━━━ Dataset section ━━━

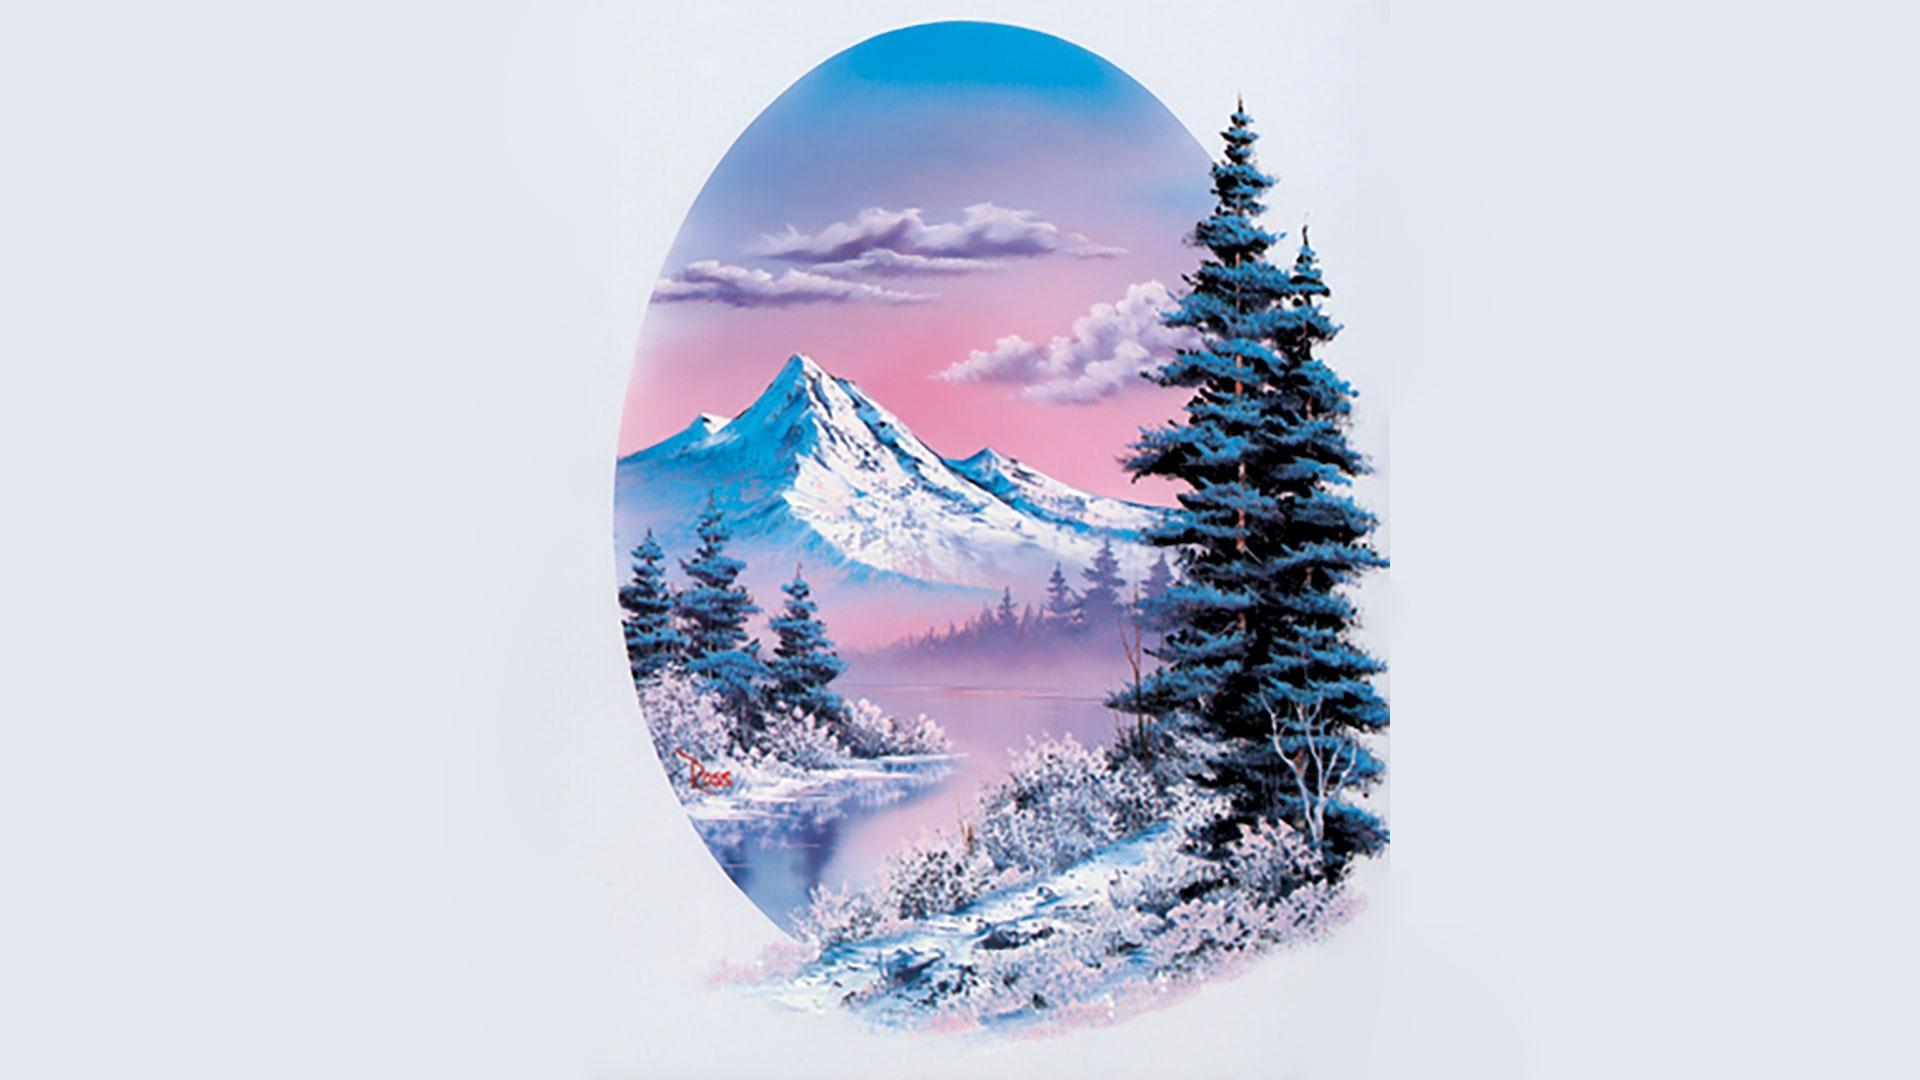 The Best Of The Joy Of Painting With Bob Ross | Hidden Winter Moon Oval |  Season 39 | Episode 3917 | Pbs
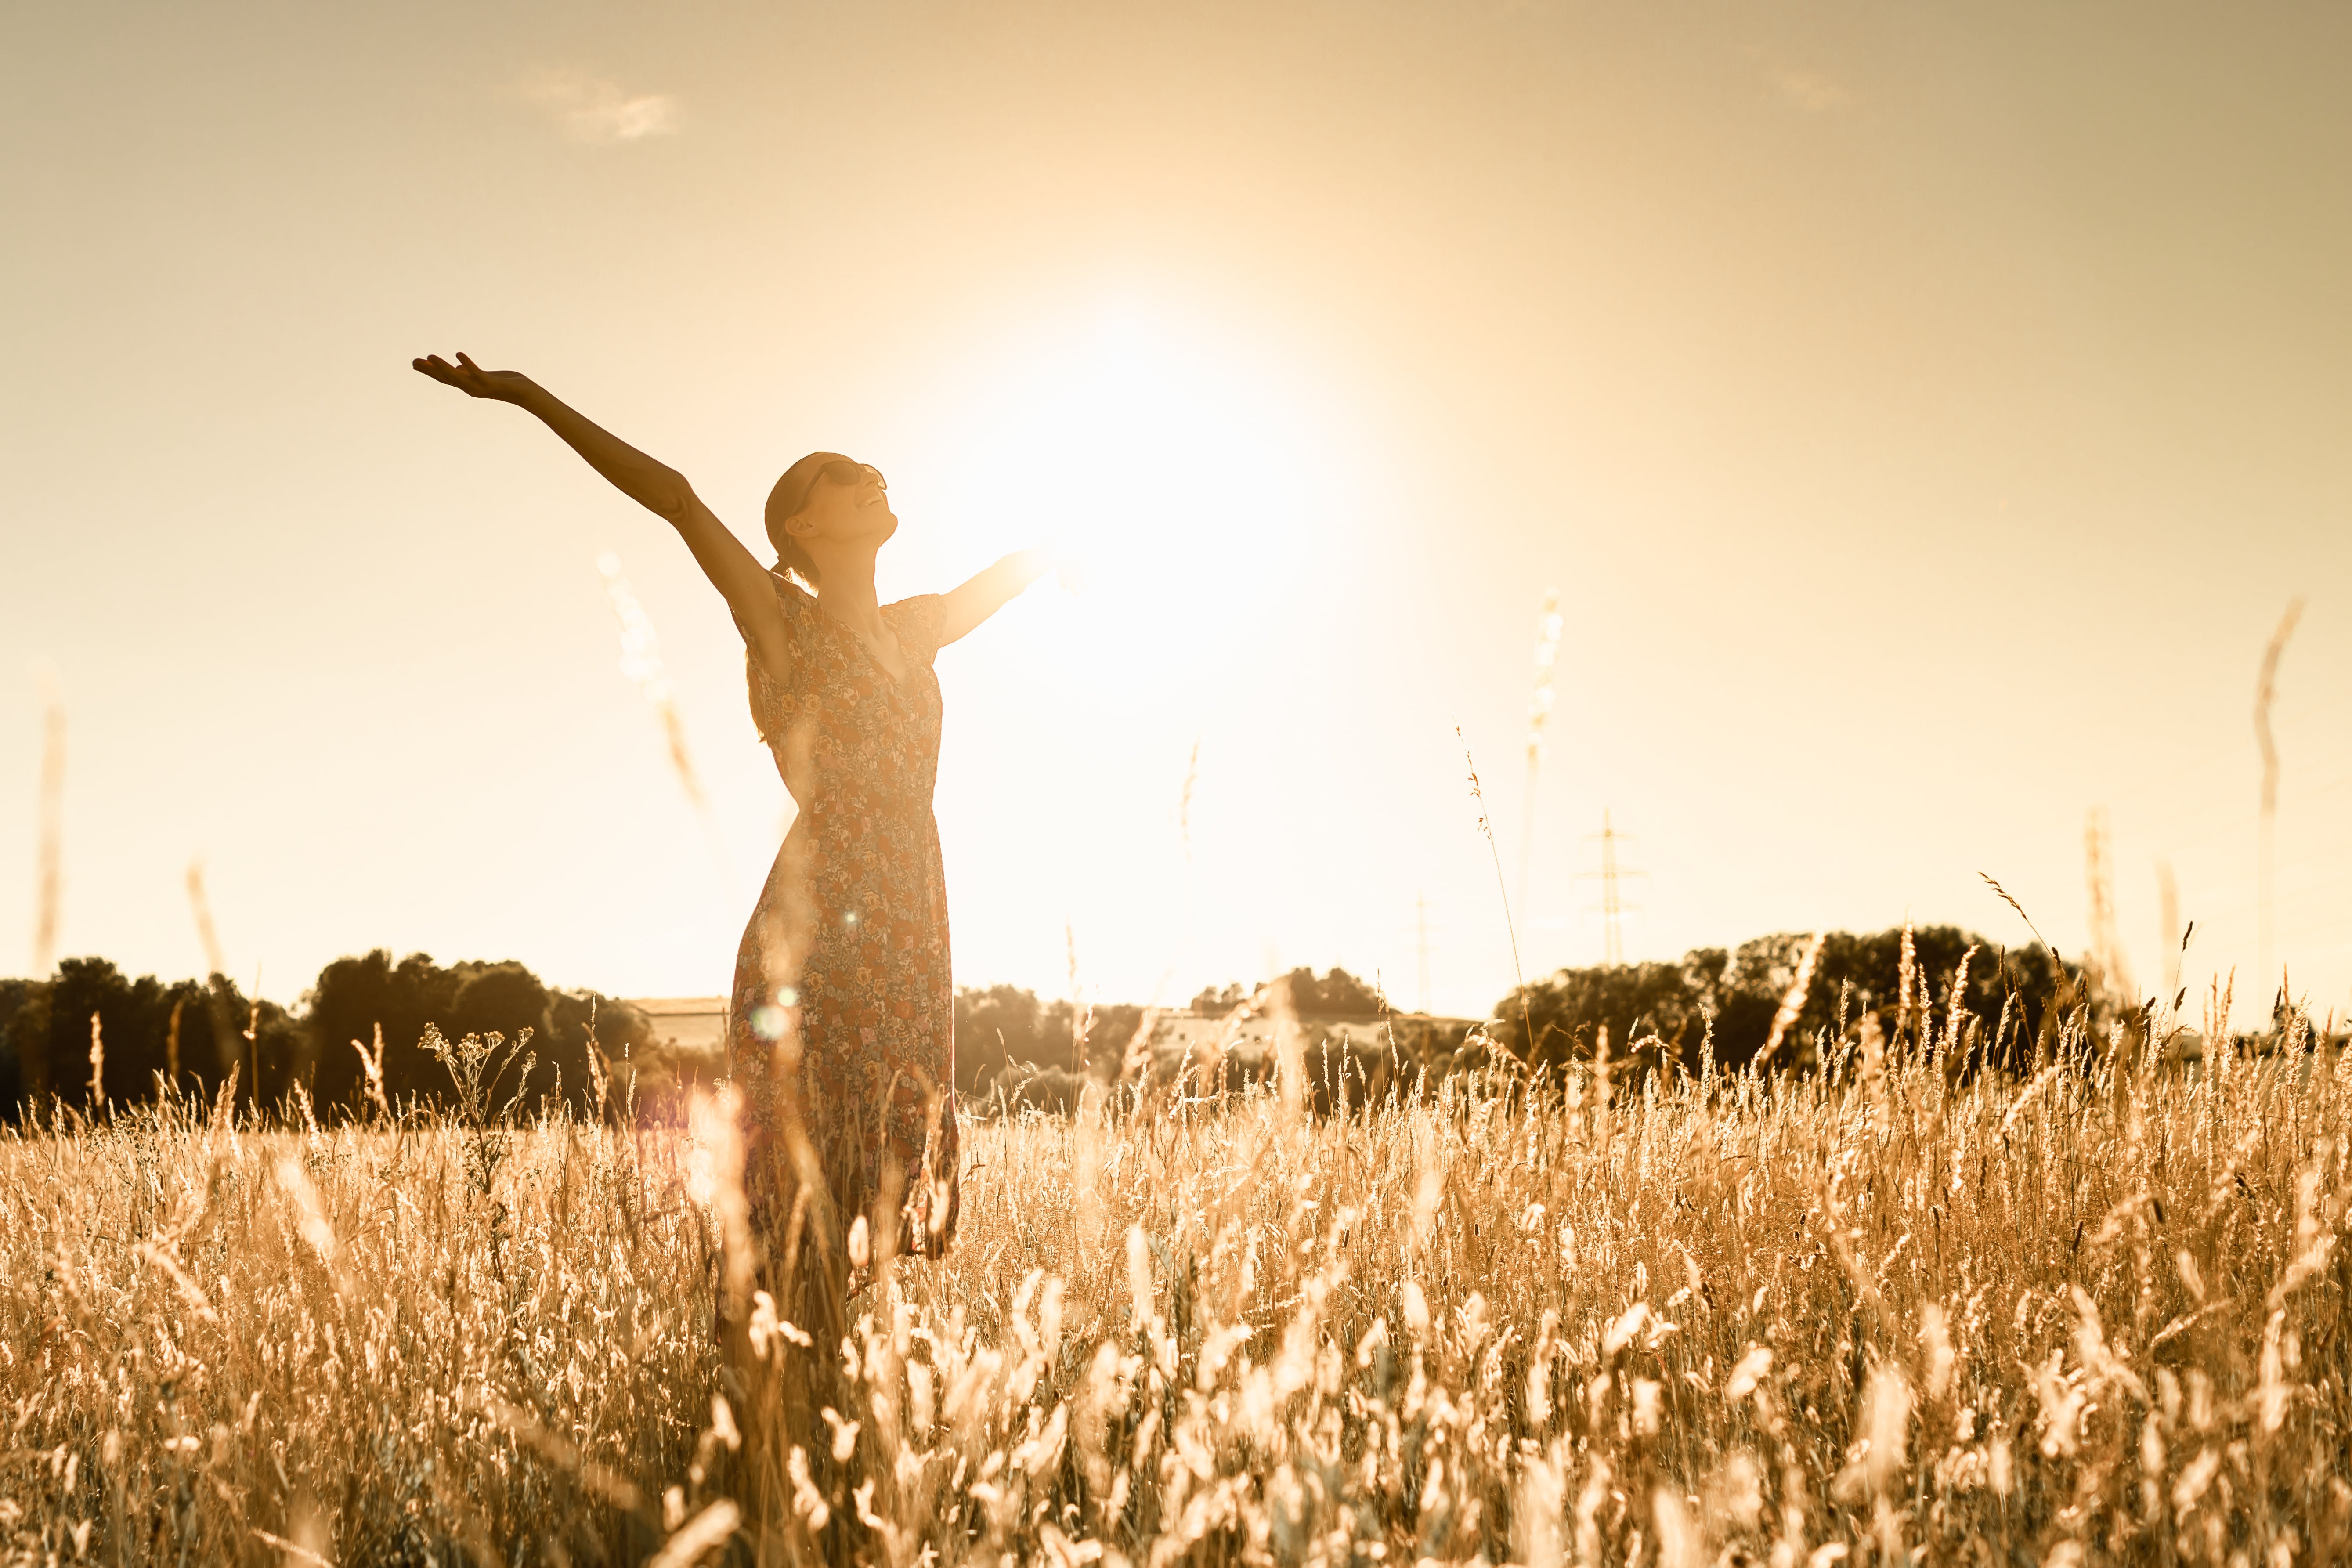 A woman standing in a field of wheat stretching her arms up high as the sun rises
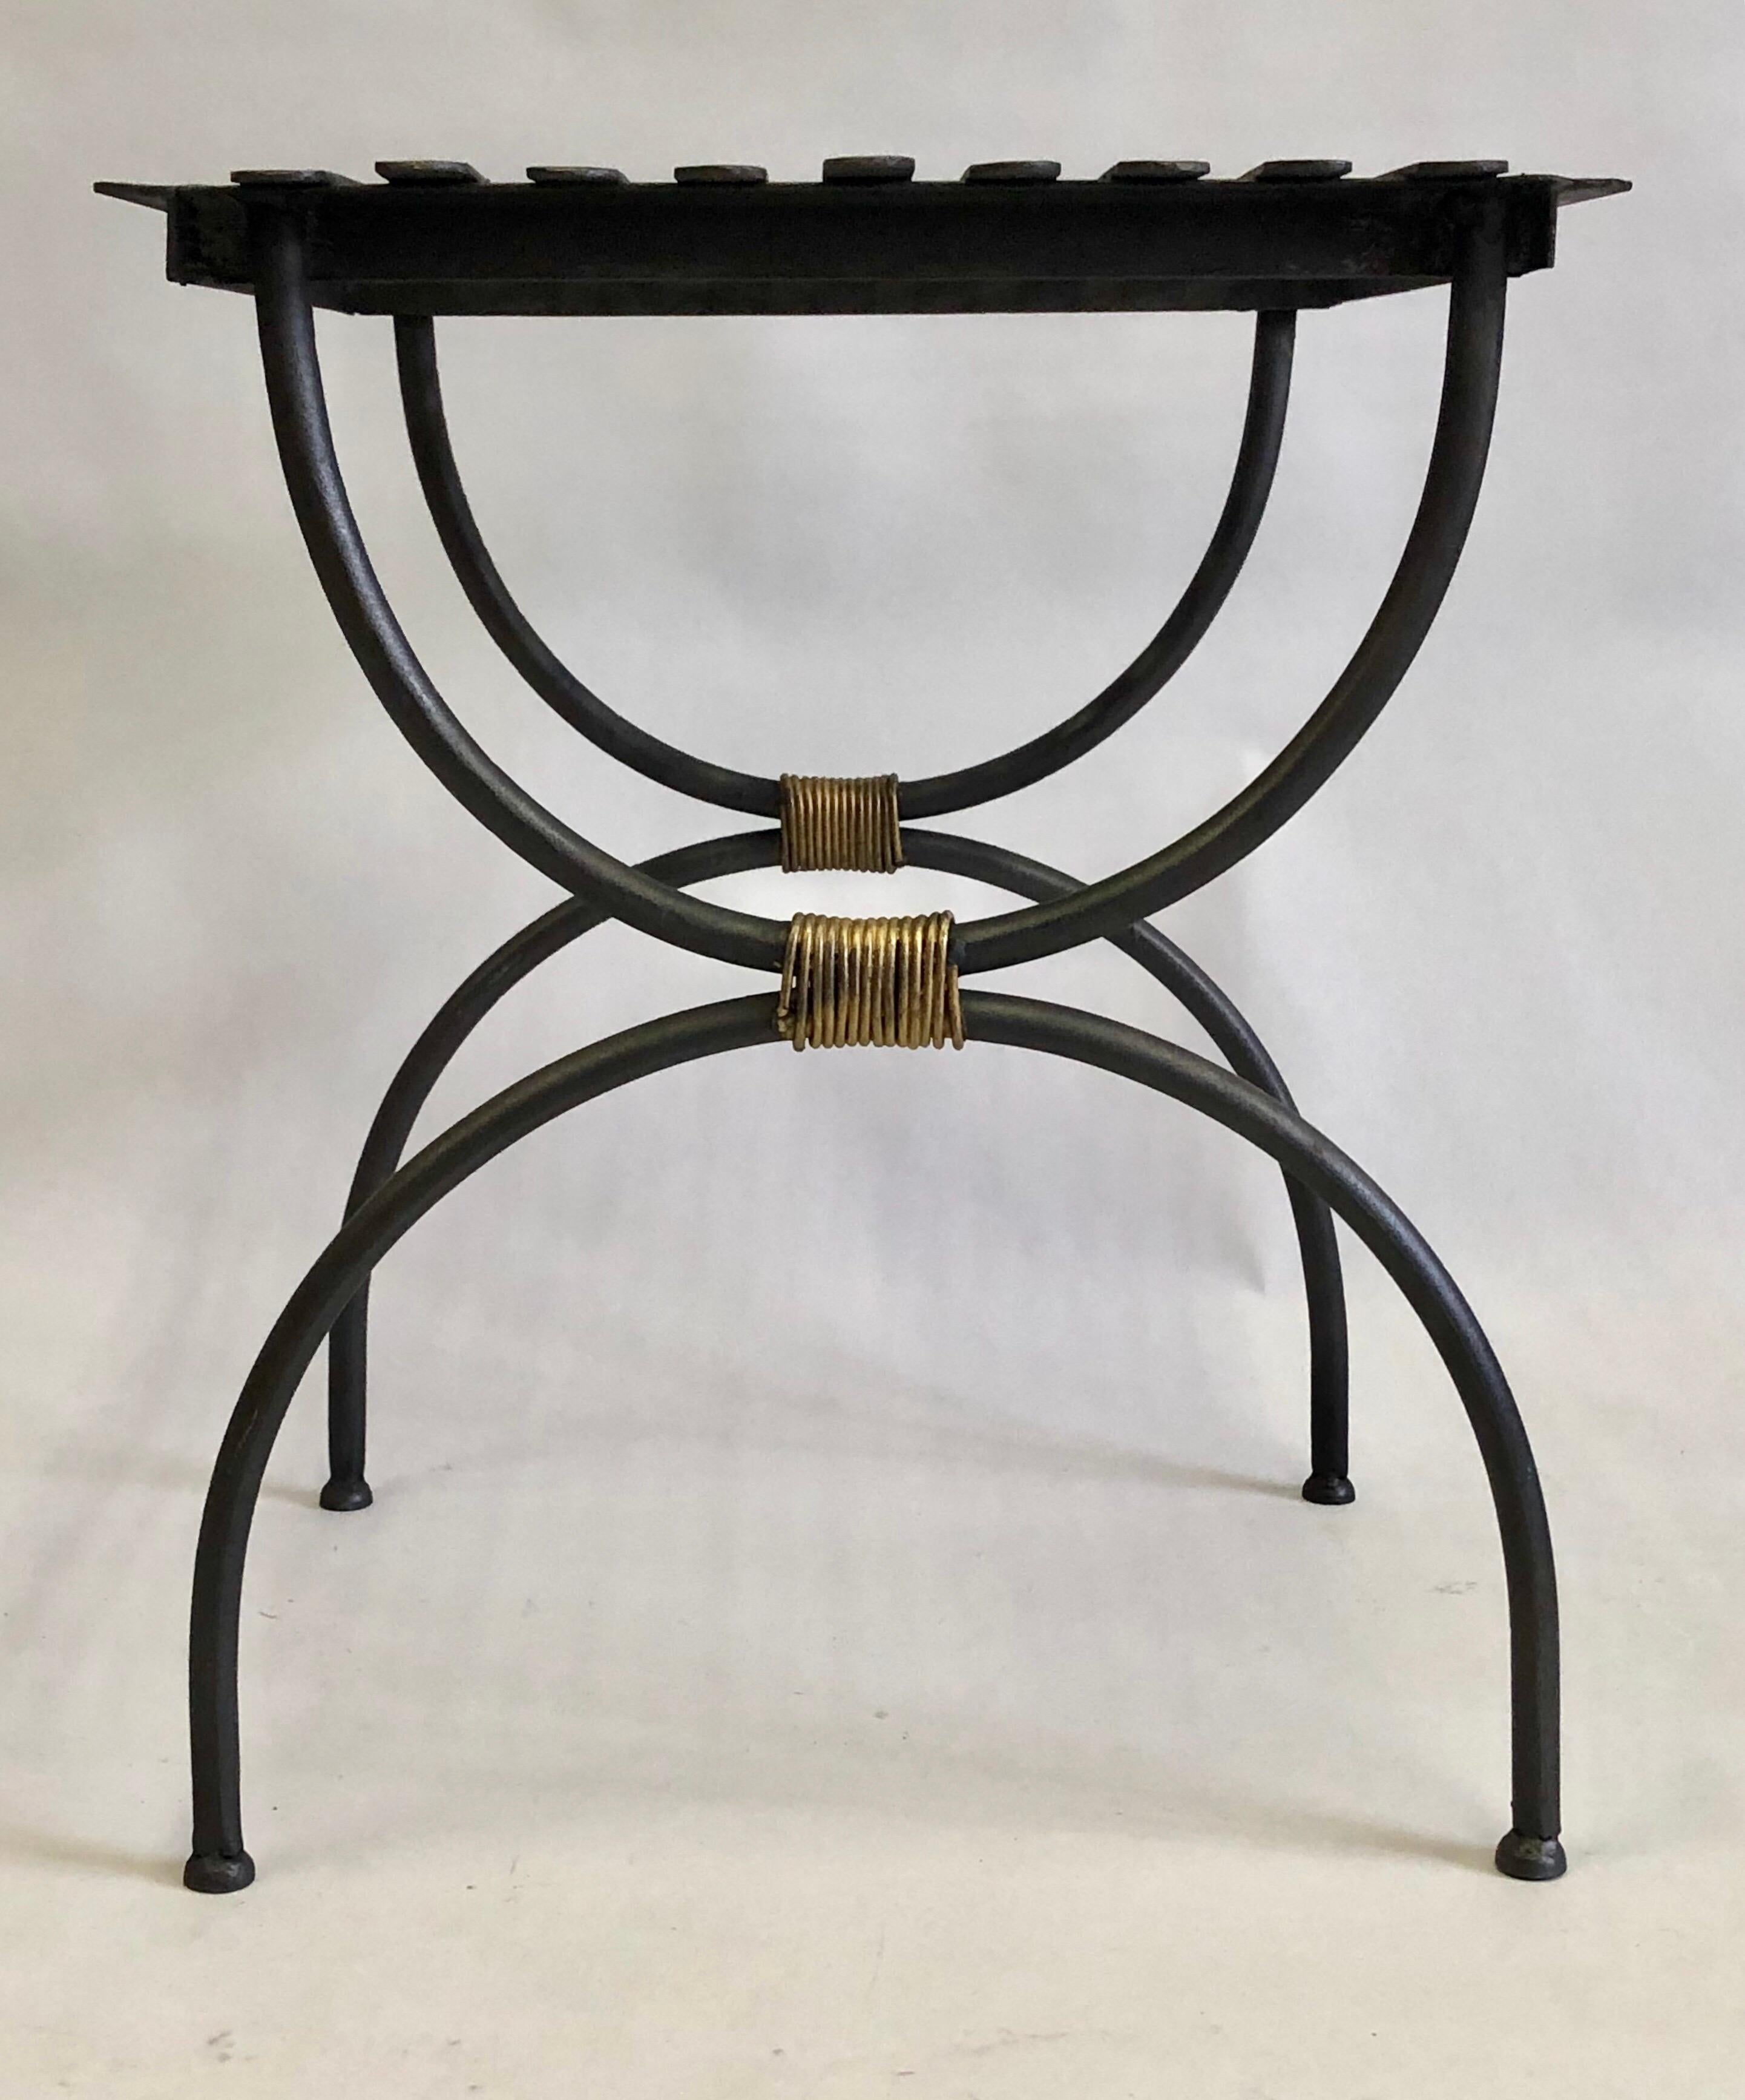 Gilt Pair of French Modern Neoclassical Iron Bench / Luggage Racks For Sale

━━━

** Exercise aim **
Nothing but the lines from the one that contains "A woman standing" through the last line of the material should be written out, exactly. Omit pictures.

** Answer to this task **
 A woman standing in a field of wheat stretching her arms up high as the sun rises
 Gilt Pair of French Modern Neoclassical Iron Bench / Luggage Racks For Sale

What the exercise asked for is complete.